I had small surgeries performed on me at a younger age where I wasn’t given any anesthetic because this would have risen the chances of complications, and this is why I believe I have slowly build up my pain resilience. The point that I am trying to make with this statement is that we aren’t necessarily born with a specific pain endurance level, but this is more developed during life based on different medical experiences.

A more recent study from 2019 shows how this racial bias keeps evolving to new levels. A group of medics has been asked to identify the pain expressed by patients in different photos. The participants recognized pain much easier from the faces of white patients compared to the faces of Black patients. The participants were shown the results and they said that these racial disparities in assessing the pain level of Black patients were not intentional. Scholars once again show that any medic is as likely to commit unconscious bias. (Here is a link to the research paper mentioned above.)

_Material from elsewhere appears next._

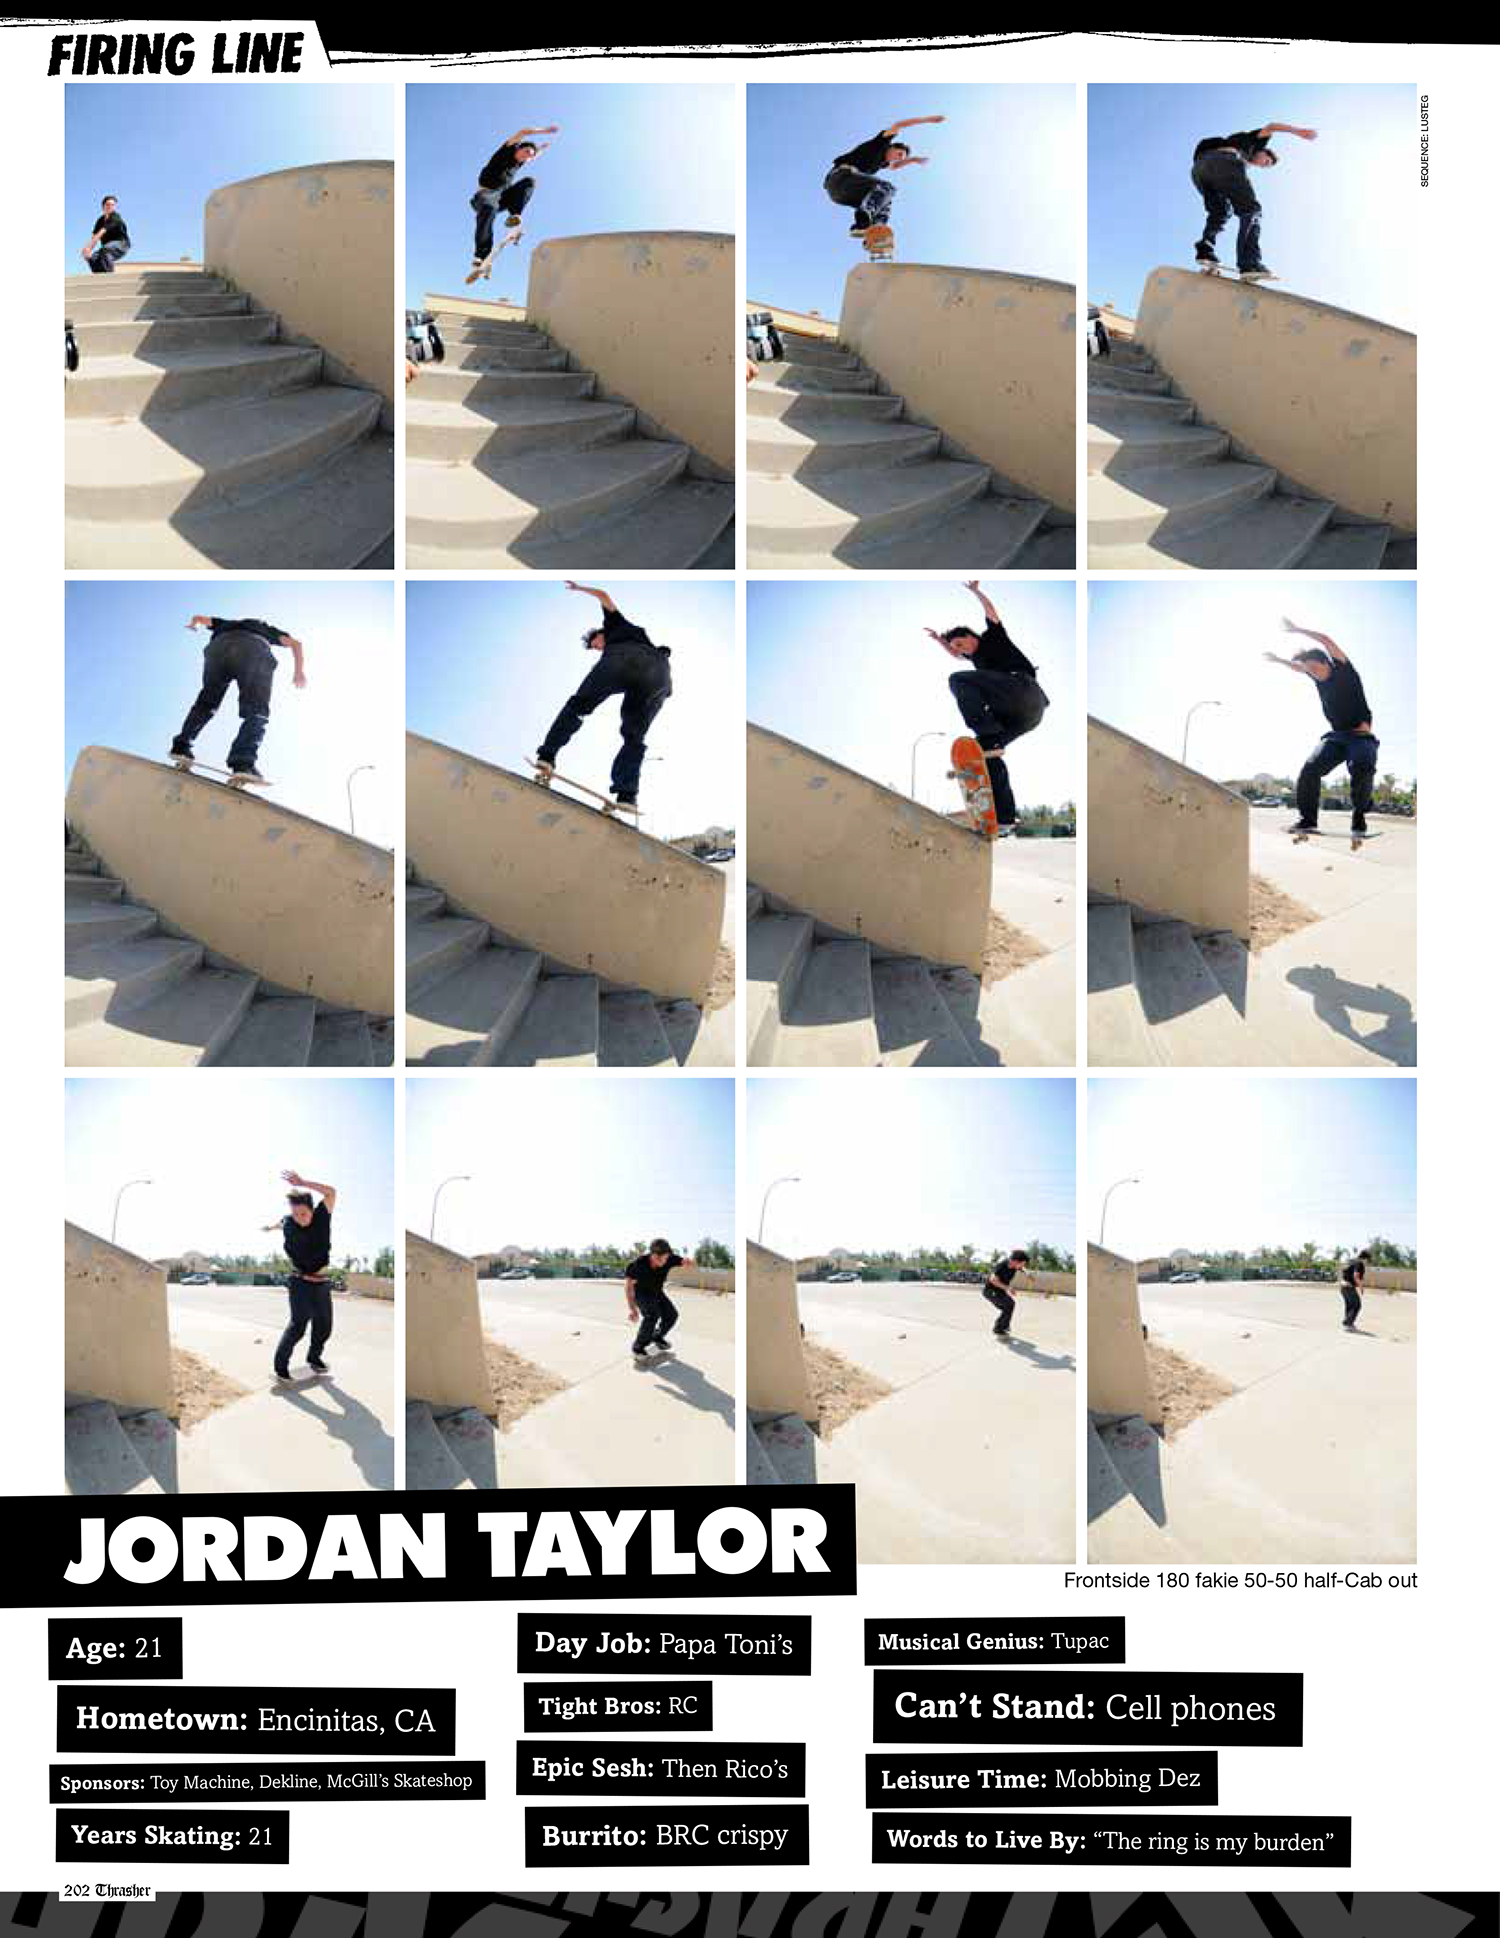 54_jordan_taylor_firing_line_thrasher.jpg

From this, they have analyzed that it is not necessarily medics being racially prejudiced against Black people, but that they have been so indoctrinated with this myth that they truly believe it as if it was written as part of the holy scripture. This is why if we are not able to open the eyes of certain medical scholars that still believe and teach this myth, we need to open the eyes of students who might be able to abolish this myth in the near future.

Medics need to stop underestimating the pain of Black patients because the underprescribing medication can lead to future medical complications or medical problems that haven’t been treated at the right time with the right medications, getting worst to the point where surgery may be needed. Thank God there are regulations set in place by WHO (World Health Organisation) which state that anesthesia must always be used with the exception of anesthesia creating possible complications or raising the failure risks of surgery.

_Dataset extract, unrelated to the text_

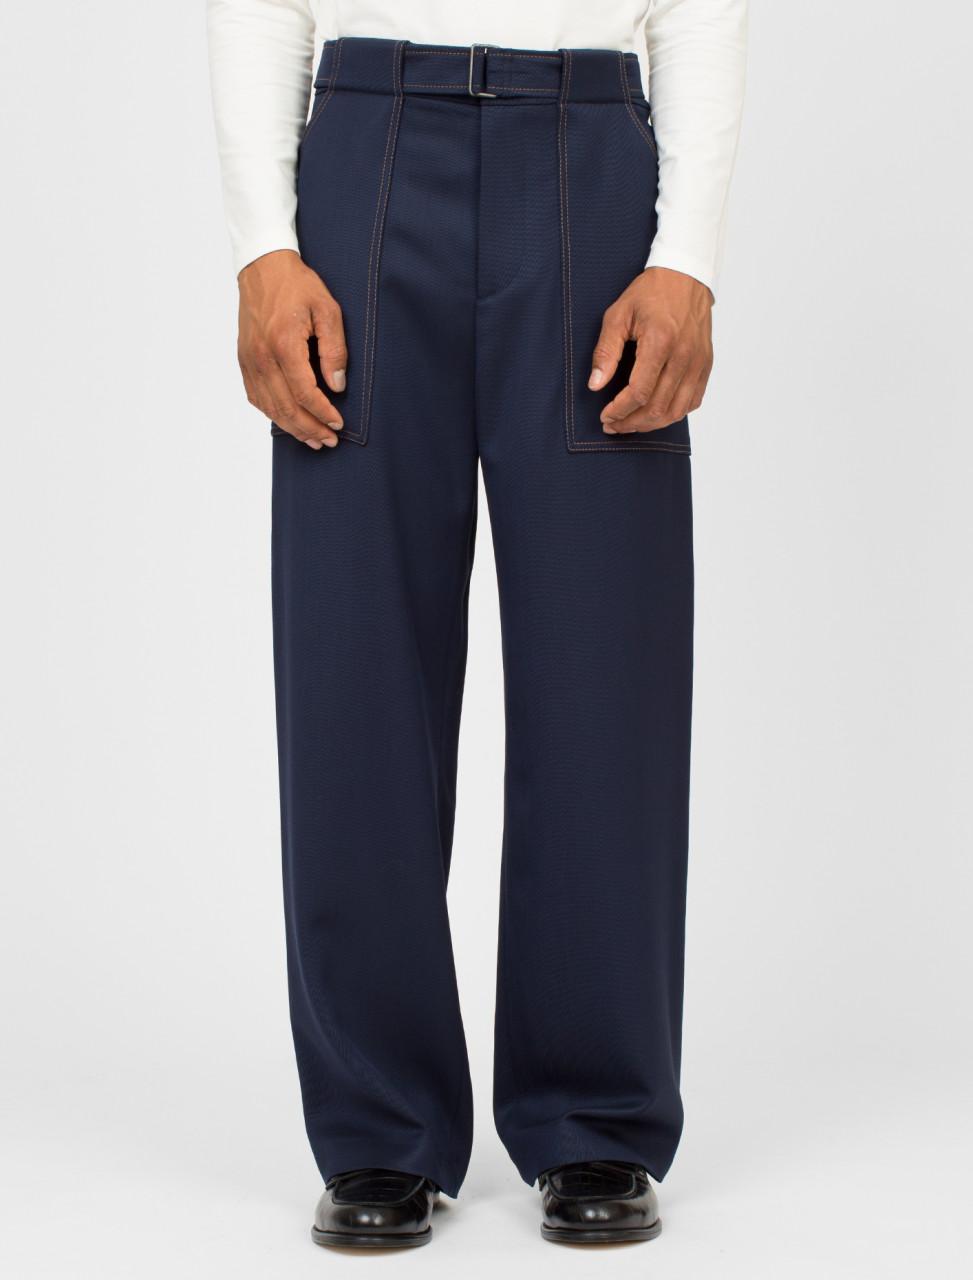 Kurt Belted Workwear Trouser

To be more critical on the severity of the problem, I have found a study conducted in 1997 examining pain management among patients with metastatic cancer found that only 35% of racial minority patients received the appropriate prescriptions. We are talking about cancer patients, giving the wrong prescription to such vulnerable patients can have lethal consequences. So, I don’t think I need to further emphasize how serious this issue is and how urgently we need to abolish this myth.

How can we abolish this myth?

This problem has also been created by the lack of data collection that is happening in major hospitals. Medics should collect every piece of data from a patient, this also includes the pain management of the patient based on how many painkillers he has been prescribed based on other personal information such as the ethnicity of the patient. With this sort of data, we can not only prove that racial bias exists in certain hospitals, but we can also assure that racial biases are being abolished in other hospitals.

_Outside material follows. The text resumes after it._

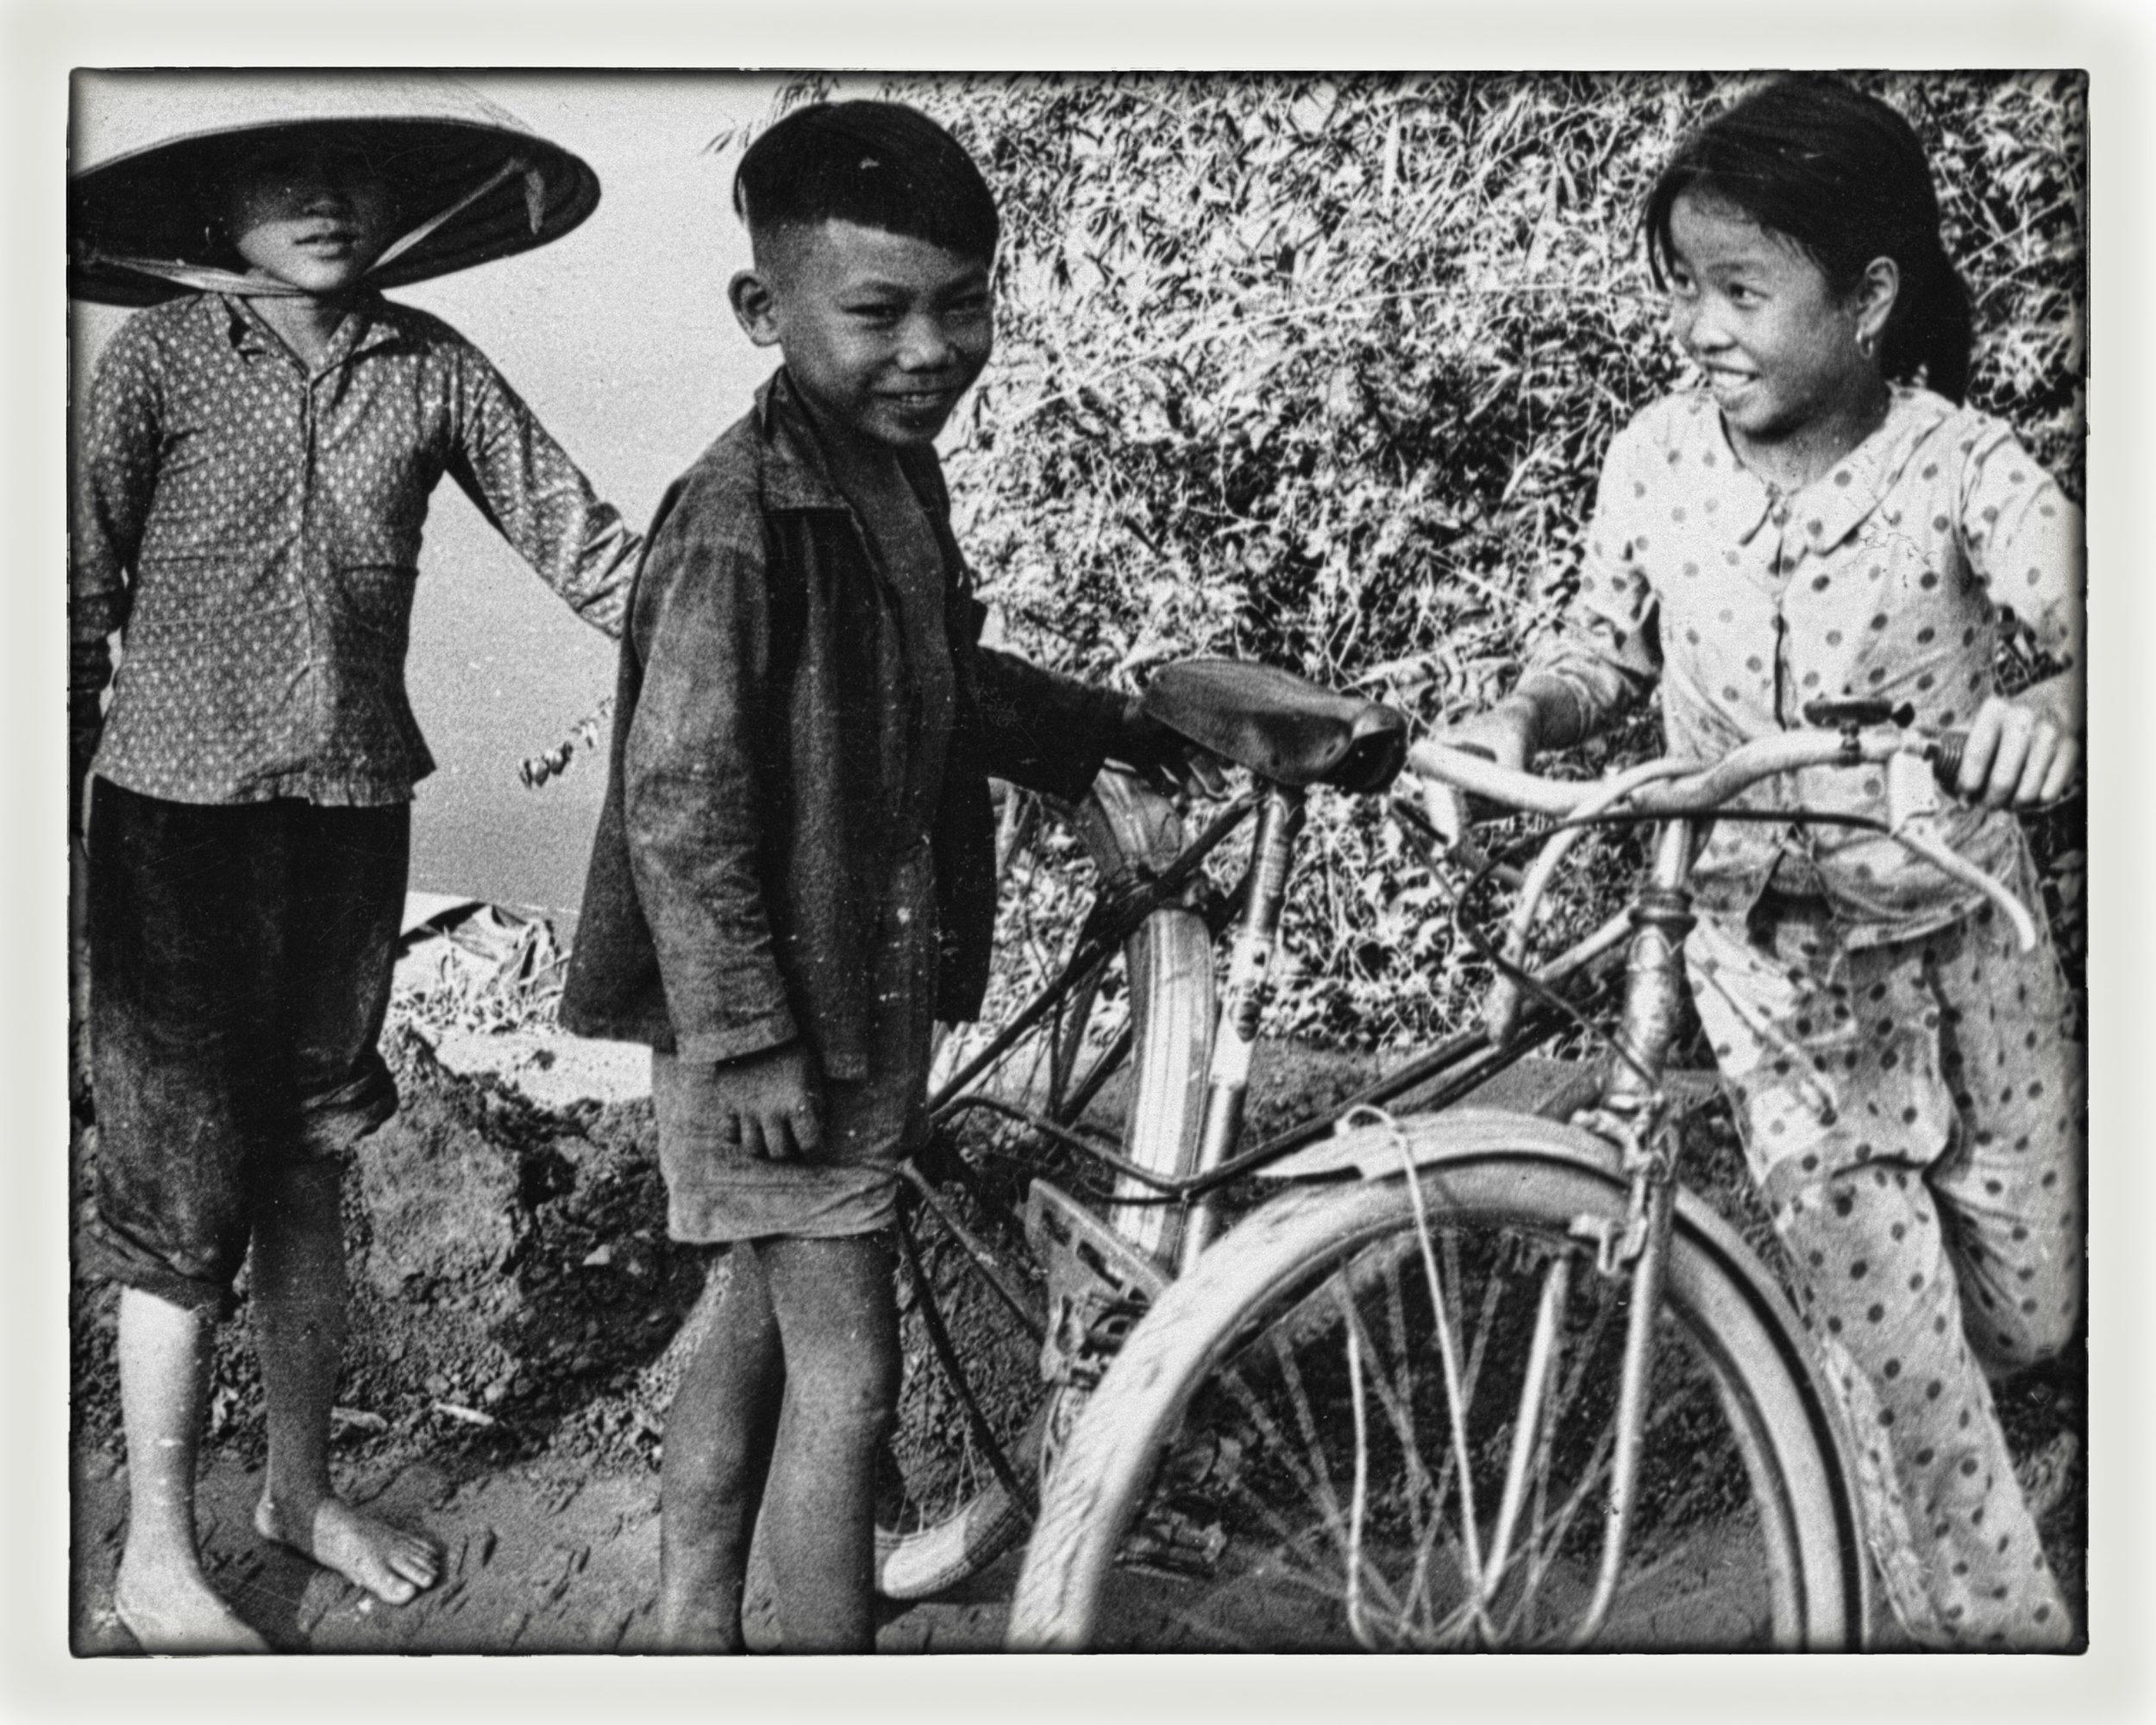 kids with bike-Edit.jpg

Another good way to abolish this myth from hospitals is to standardize the process of pain analysis by having each medic follow specific guidelines when coming up with a diagnosis and offering a prescription. By implementing a systematic approach to the process of diagnosis and medical prescription, we can remove individual discretion which translates to removing this hidden bias undertreating people of other races. The AAPM (American Academy of Pain Medicine) is working towards implementing specific guidelines for medics to follow when treating different types of pains patients might present.

Researchers are looking at more technologically advanced ways of analyzing pain, not only because of this hidden bias but also because patients don’t always know how to describe the type of pain they are feeling, as well as seldom medics don’t correctly estimate the type of pain felt by the patient. Therefore researchers are developing a blood test that uses biomarkers that can analyze the type of pain felt by the patient as well as its intensity.

However, besides all these implementations within the medical system, we need to make people aware of this myth. The more people know the truth behind this myth the higher the chances of this truth being spread around the world in order to stop this hidden bias and racist action despite it being with or without intention.